Q. 44.5( 2 Votes )

# Using the sine and cosine tables, and if needed a calculator, do these problems.

Draw the picture shown in your notebook and explain how it was drawn.

Calculate the lengths of all three sides.

Answer :

Let us draw a triangle ABC with all the given angles.

∠BAC + ∠ABC + ∠ACB = 180°

⇒ 45° + 65° + ∠ACB = 180°

⇒ ∠ACB = 180° - ( 45° + 65° ) = 70°

Since, We do not know the length of any side of triangle , So we cannot use the concept of perpendicular bisector to construct a circumcircle.
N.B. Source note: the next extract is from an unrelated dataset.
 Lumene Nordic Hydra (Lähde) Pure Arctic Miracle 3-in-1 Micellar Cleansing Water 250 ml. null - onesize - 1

But we know that every triangle formed by a circumcentre with the two consecutive points is an isosceles triangle.

Let each internal angle of a triangle be divided into two angles by a point S’ as shown in fig.

Here,

α + β = 45° …(i)

α + γ = 65° …(ii)

β + γ = 70° …(iii)

Subtracting eq. (i) from (ii),

We get,

( α + γ) – (α + β) = 65° - 45°

⇒ γ - β = 20° …(iv)

Adding eq. (iii) and (iv),

We get,

(β + γ) + (γ – β) = 70° = 20°

⇒ 2γ = 90°

⇒ γ = 45°

Substituting the value of γ in eq. (ii) and eq. (iii)

we get,

α + 45° = 65° and β + 45° = 70°

⇒ α = 20° and β = 25°

Steps of construction :

1.Mark the angle α on AX, such that ∠RAX = α = 20°.
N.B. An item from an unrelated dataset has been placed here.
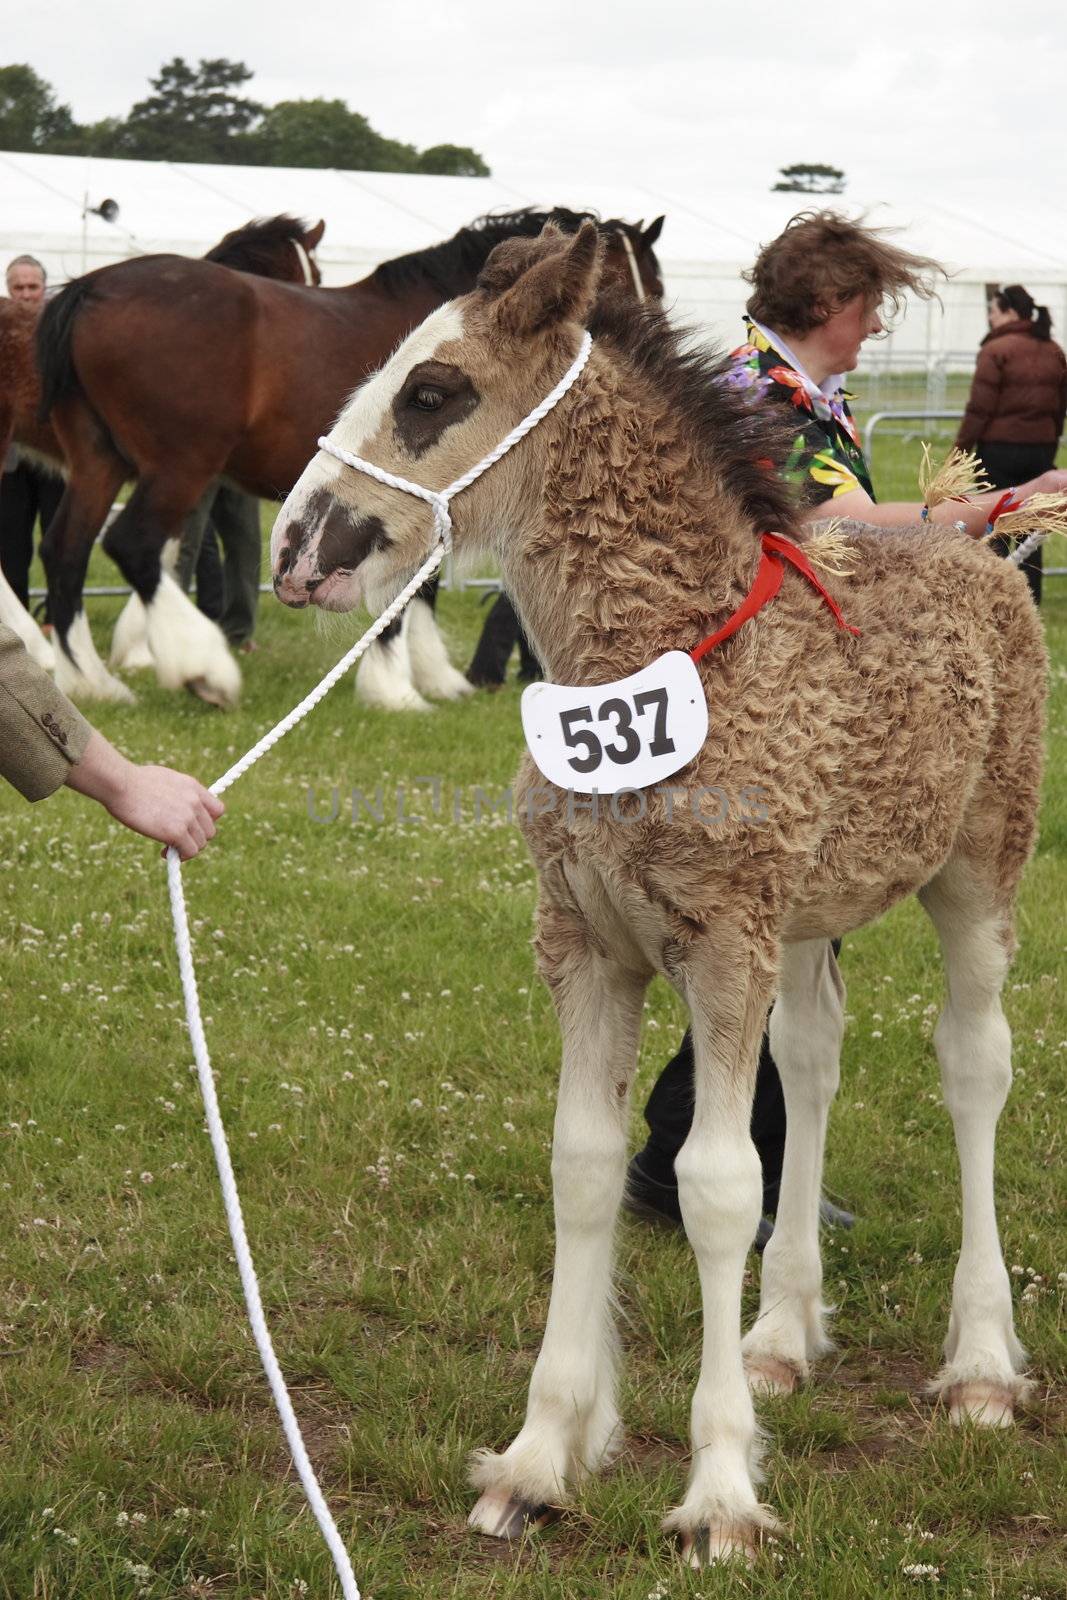 shirehorse foal being shown at a county show

2. Cut the arc of length 2.5 cm on AR say BO. (r = 2.5 cm)

3. With O as a centre and radius equal to 2.5 cm cut the arc

on AX say OB.

4. With base as AB construct ∠BAQ = 45° and ∠ABR = 65°.

Let them meet at C.

5. Join BC and AC.

6. With O as a centre and radius = 2.5 cm draw a circle.

Thus we find that the circle with centre O is the circumcircle of Δ ABC.

We know that perpendicular from the circumcentre act as a perpendicular bisector.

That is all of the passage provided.